Selective separation of oil-in-water emulsion with high efficiency by bio-inspired Janus membrane

Abstract

The efficient and rapid separation of oil from stabilized oil-in-water emulsions with micro/nanometer size is a global challenge. Owing to the low oil content in oil-in-water emulsions, separating the oil by simply controlling the surface wettability is difficult. Controlling the pore size of the membrane surface to achieve separation will lead to a sharp decrease in flux. Herein, inspired by cell membrane transportation, a hydrophilic/hydrophobic bifunctional Janus membrane for stable oil-in-water separation was prepared by simple surface polymerization and vapor diffusion.
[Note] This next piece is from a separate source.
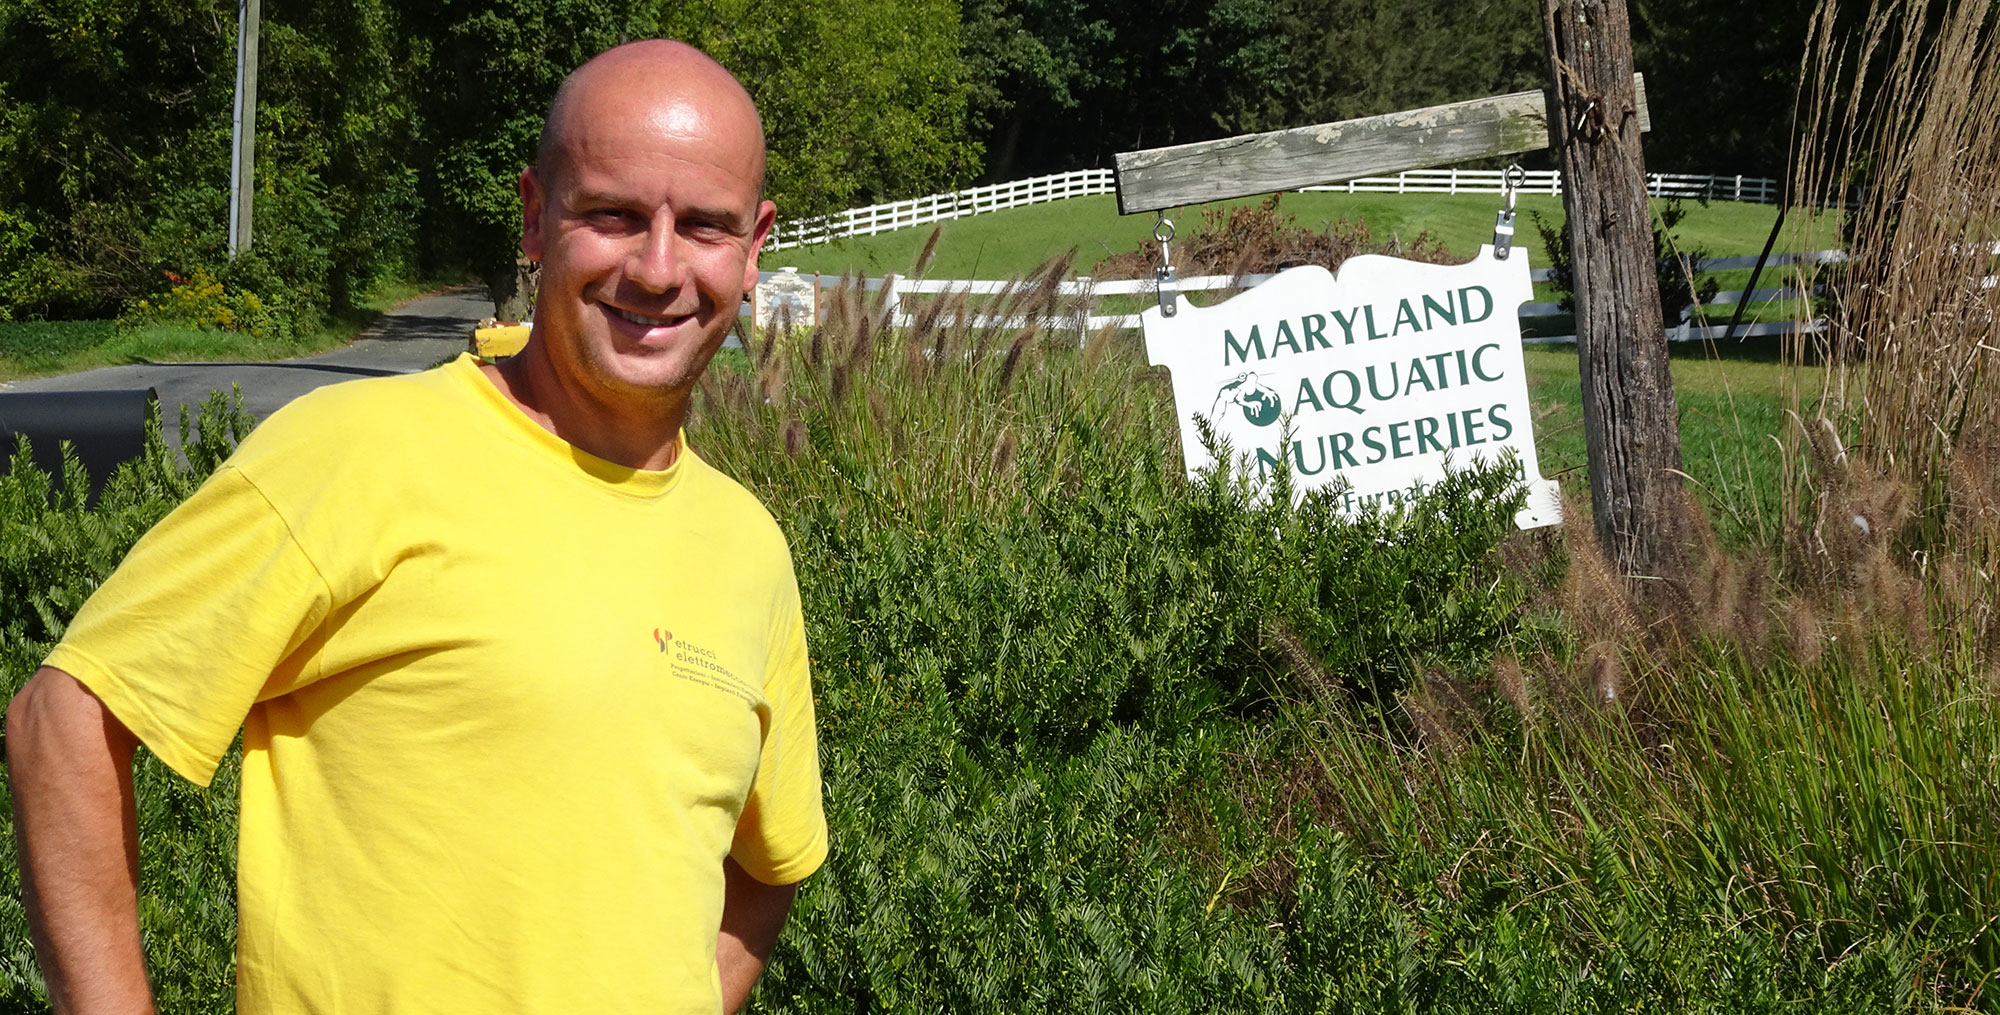 Maryland Aquatic Nursery entrance

The prepared Janus membrane contained a hydrophobic side and hydrophilic polyamine layer. When used for oil-in-water emulsion separation, the polyamine layer accumulated micro/nanometer oil droplets, forming an oil layer on the hydrophobic surface. Water was retained by the 1H,1H,2H,2H-perfluorooctyl trichlorosilane layer, allowing oil droplets to selectively permeate through the membrane, achieving the separation effect. As the pore size of the modified fabric was basically unchanged, the permeation flux was fast (1.53×103 Lm−2 h−1). Furthermore, the poly(N,N-dimethylaminoethyl methacrylate) layer destroyed the emulsion stability, making the emulsion droplets aggregate without affecting the separation efficiency with fast permeation flux. Therefore, the prepared bifunctional Janus membrane shows great potential for actual wastewater treatment.